More recently, the Coors Classic bicycle race began in the 1980s and secured the monument international renown. The race became known as the “Tour of the Moon” for the scenic, almost alien vistas offered by Rim Rock Drive.
Visitation to the park has steadily climbed in the twenty-first century, reaching nearly 600,000 in 2015. Today, the monument has a visitor center, a campground, and dozens of miles of hiking trails, and is a mecca for bicyclists and rock climbers. As with other NPS holdings, local economies have become dependent on tourist dollars and government spending, especially during economic slumps.

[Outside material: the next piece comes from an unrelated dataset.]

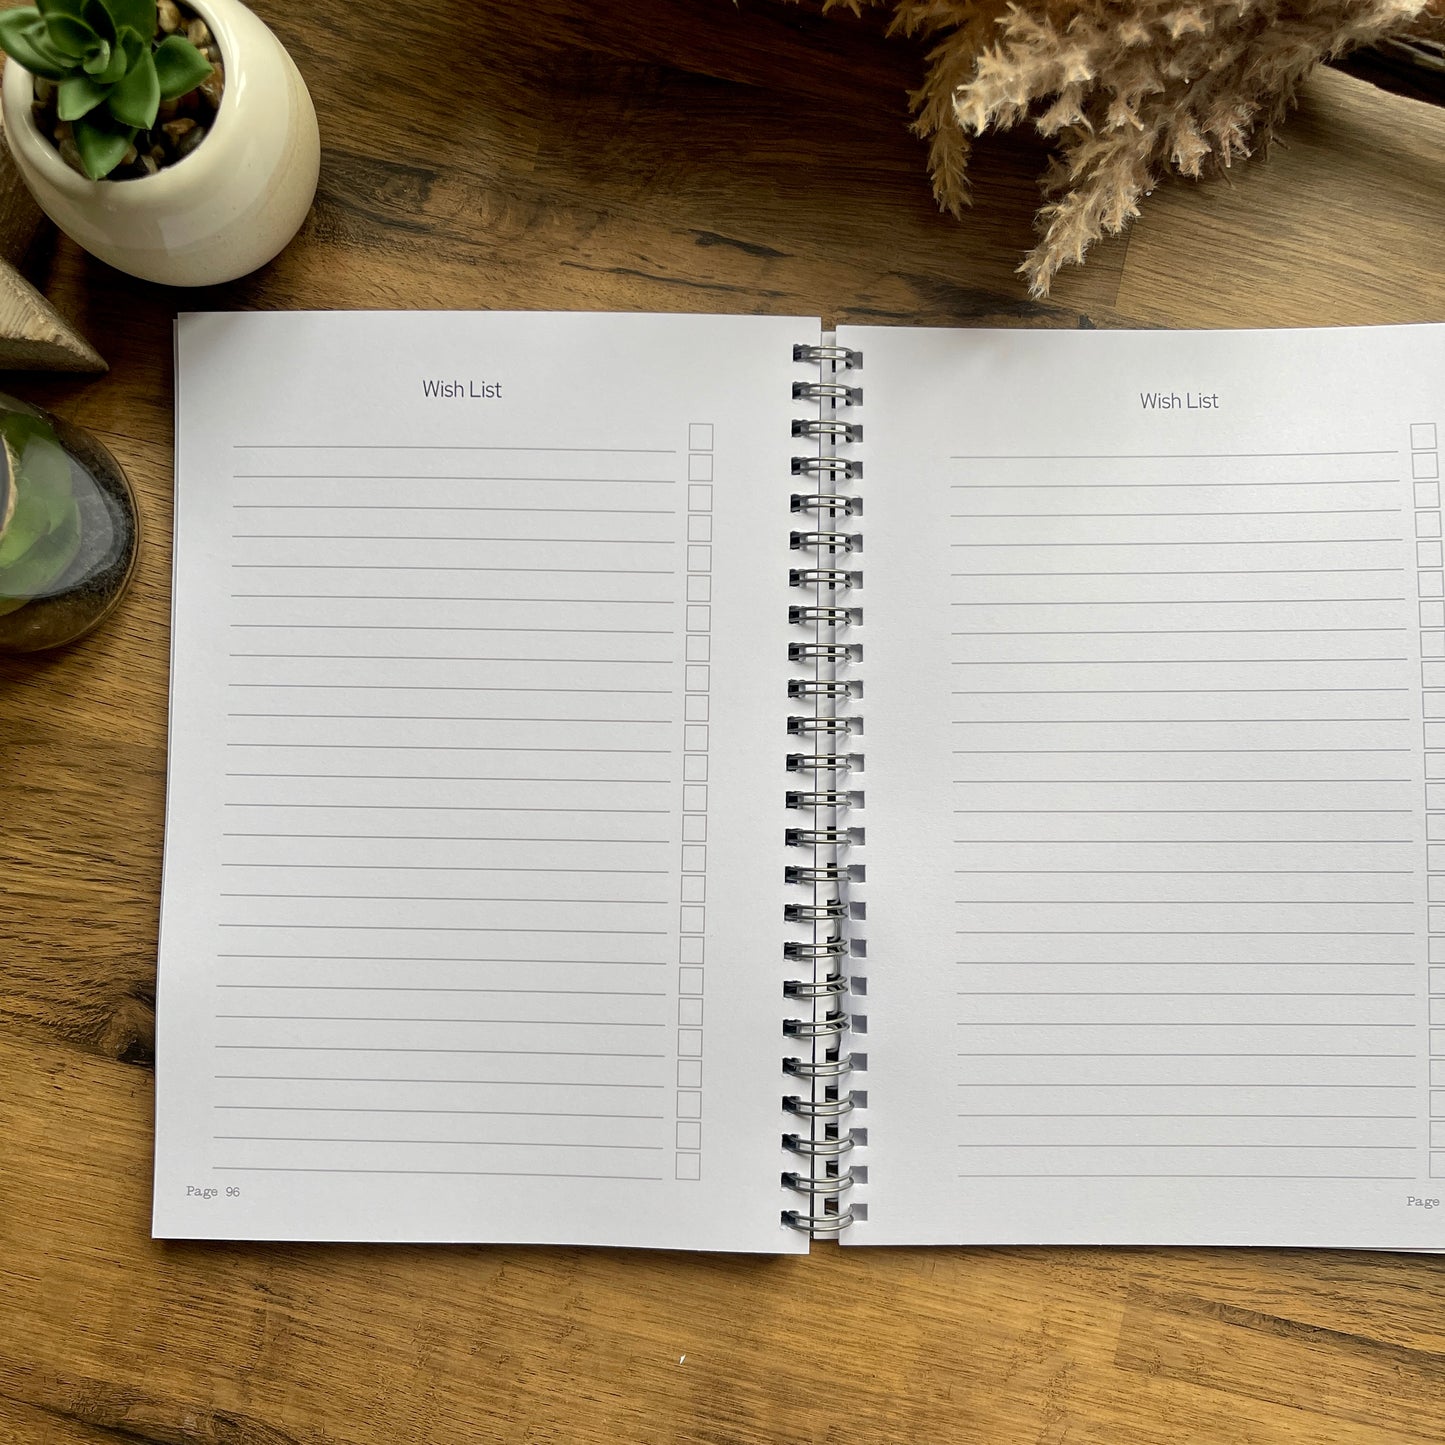 Book Journal - 100 Reviews Wiro bound A5 Reading Tracker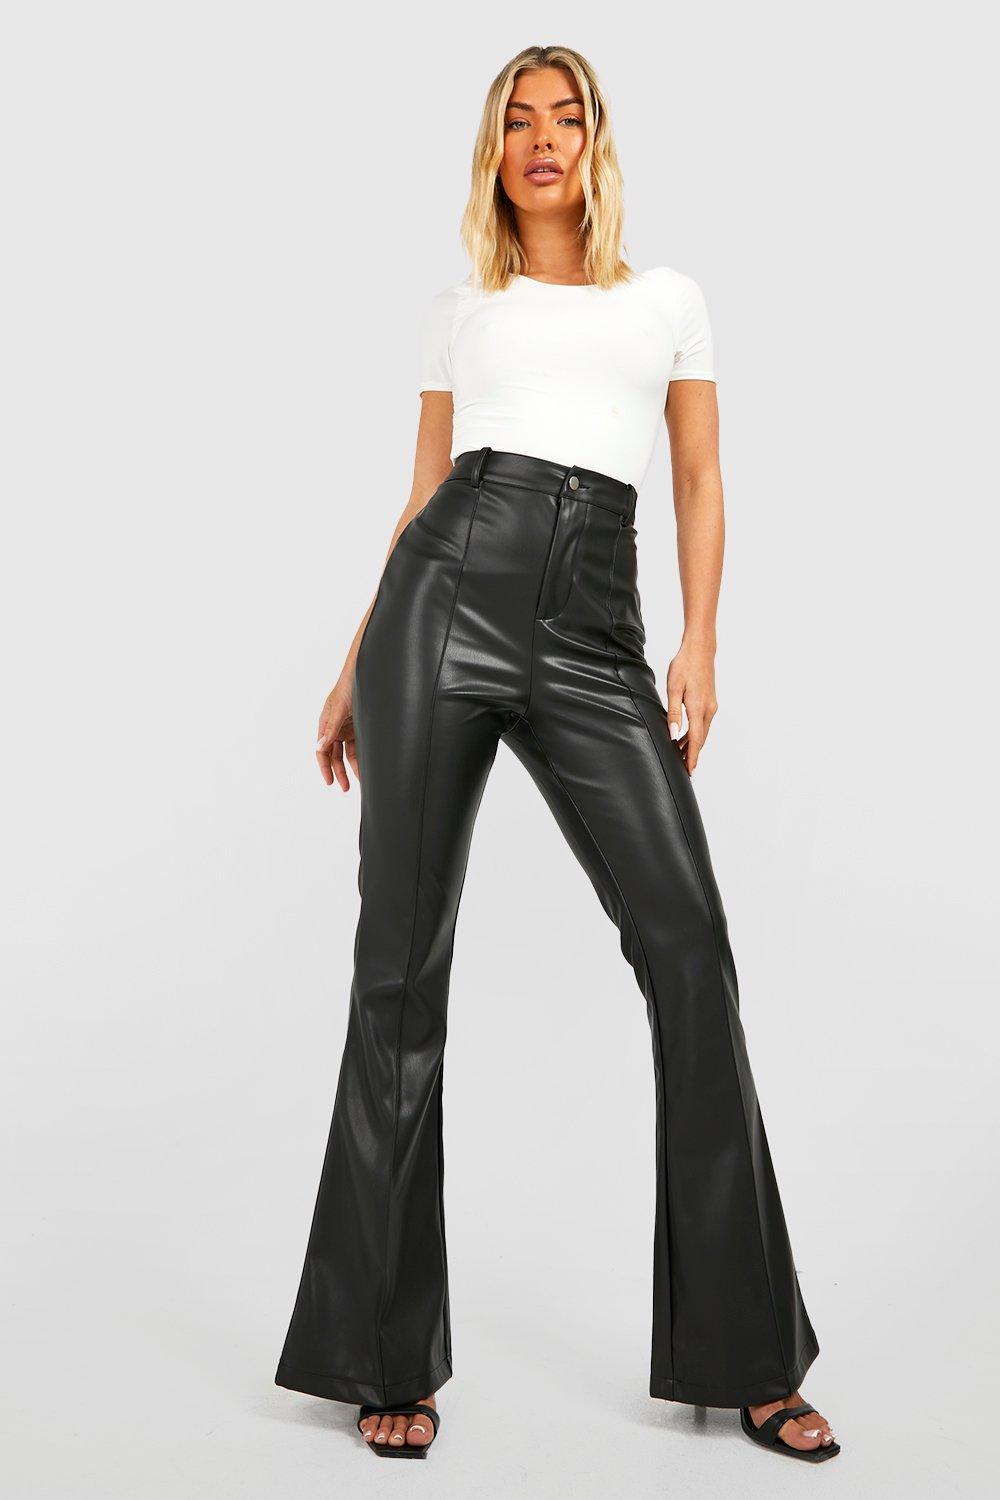 Womens Leather Look Tailored High Waisted Flared Trousers - Black - 6, Black

Since the monument was established, locals have continually lobbied for the landscape to be designated a national park, in hopes that such a designation would increase tourism. The boom and bust cycles typical of uranium mining and oil and gas extraction have kept the issue of park designation simmering for decades. As recently as 2014, Colorado politicians once again encouraged Congress to designate the monument as a national park. The idea has even won support from filmmaker Ken Burns, producer of a 2009 documentary on the country’s national parks.
Whether the monument ever achieves official national park status, it already provides the same benefits as many of the national parks—offering citizens and tourists the opportunity to escape the burdens of city life and to enjoy and appreciate the country’s natural heritage. As such, Colorado National Monument stands as an important marker of America's natural and cultural heritage and a pillar of the regional economy.